Hypertension is manageable if caught in time reducing the risk for many of the diseases associated with the condition. The NIH states that

“African Americans demonstrated poorer blood pressure compared with Caucasians.”

(NIH, 2014). Societal awareness of hypertension and treatments are the same for African American and Caucasians however, the response to medications have been different. According to studies, African Americans respond better to calcium channel blockers and diuretics while Angiotensin-converting enzyme (ACE) inhibitors and angiotensin receptor blockers (ARB’s) have been shown to be less effective.

The economic impact of hypertension is staggering.  The costs are incurred at both ends of the spectrum, from the range of treatments necessary for those who are diagnosed with the disease and the associated illnesses such as medications, rehabilitation and loss of productivity, and treatment of those who go undiagnosed or treated and the associated illnesses that result in the form of multiple organs  being affected, medication, rehabilitative care, increased medical costs and loss of productivity. According to HSR, of people diagnosed with hypertension only 68% report taking medication to control the disease. (HSR, 2011). The Milken Institute study discusses the issue of chronic illnesses on the U.S. economy.  The study reports that the chronic diseases are preventable and impact not only the health of our nation’s individuals but also the economic health of our nation in the form of lost productivity. stating that “…

the annual economic impact on the U.S. economy of the most common chronic diseases is calculated to be more than $1 trillion, which could balloon to nearly $6 trillion by the middle of the century”,

and, “

According to the study, seven chronic diseases-cancer, diabetes, hypertension, stroke, heart disease, pulmonary conditions and mental illness-have a total impact on the economy of $1.3 trillion annually. Of this amount, $1.1 trillion represents the cost of lost productivity”.

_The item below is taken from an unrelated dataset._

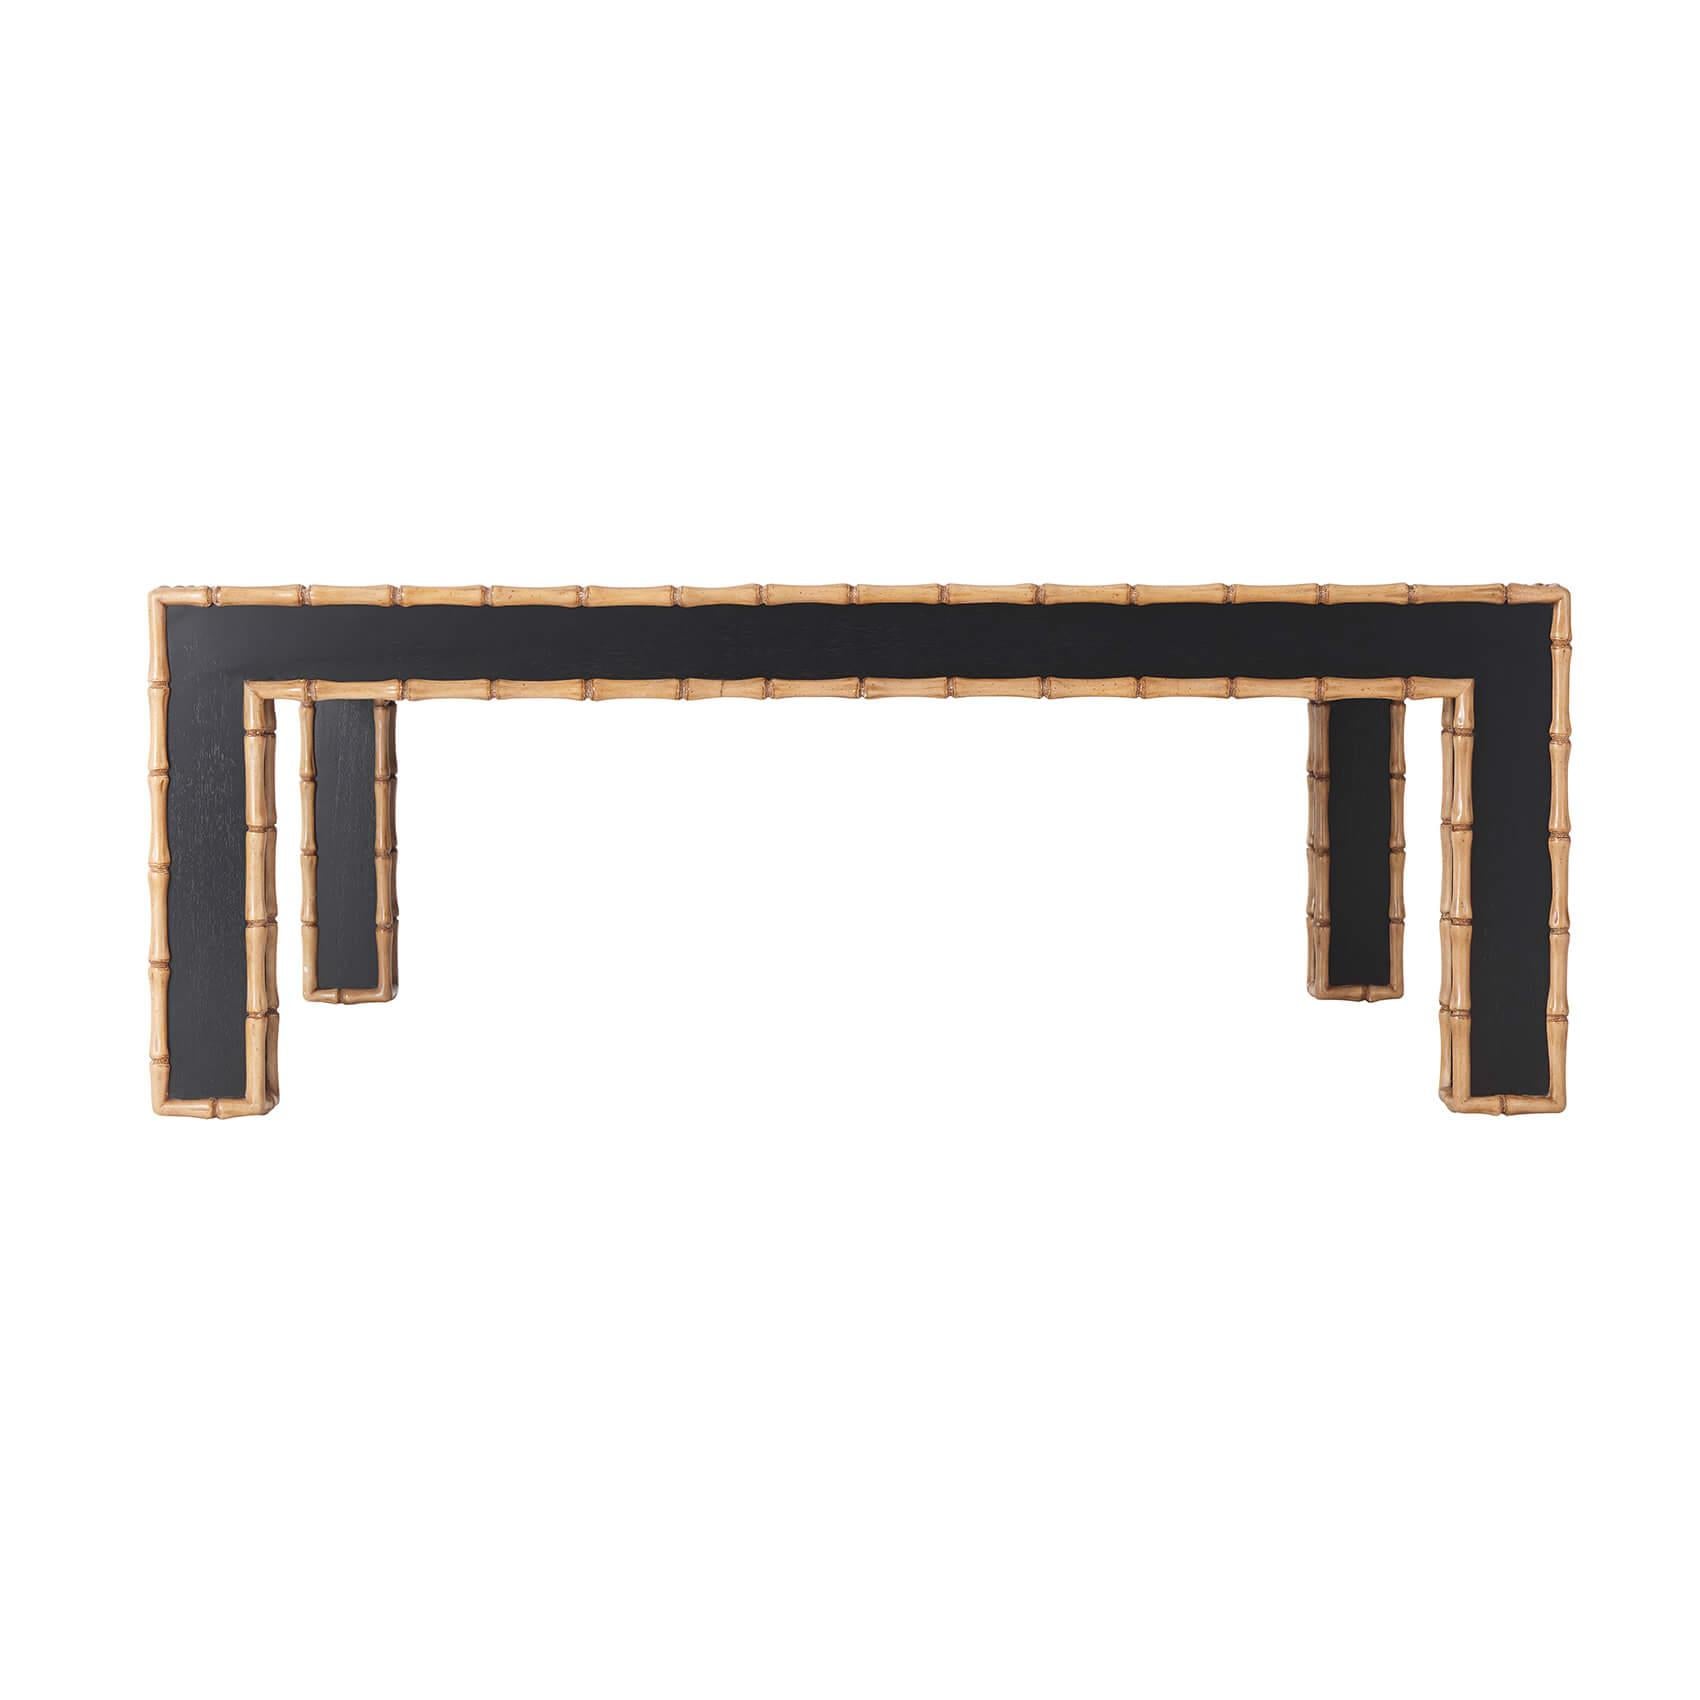 19th century style square cocktail table with a carved faux bamboo edge to the entire frame, a brushed and textured veneered top, and four bold corner supports.

Dimensions: 48

(Fight Chronic Disease, 2019). The study goes on to state that any funding spent on preventing chronic diseases will be worth the investment over the long term. With improvements in detection and early intervention, by 2023 40 million cases of chronic diseases can be avoided reducing the economic impact by 27% resulting in a savings of $1.1 trillion annually. Regarding the impact on healthcare costs, HSR reports that reducing the number of individuals with high blood pressure would save $37 per person annually in follow-up visits to the physician, declines in hospitalization related to high BP would be reduced by $92 per person annually. (HSR, 2011).

The bottom line is that any chronic illness impacts  every aspect of a person’s life as well as that of their families in the form of loss of productivity, increase in insurance rates, increase in treatment costs,  increase in cost of medications, strains on facilities in the form of long term care and chronic care required and lifespan.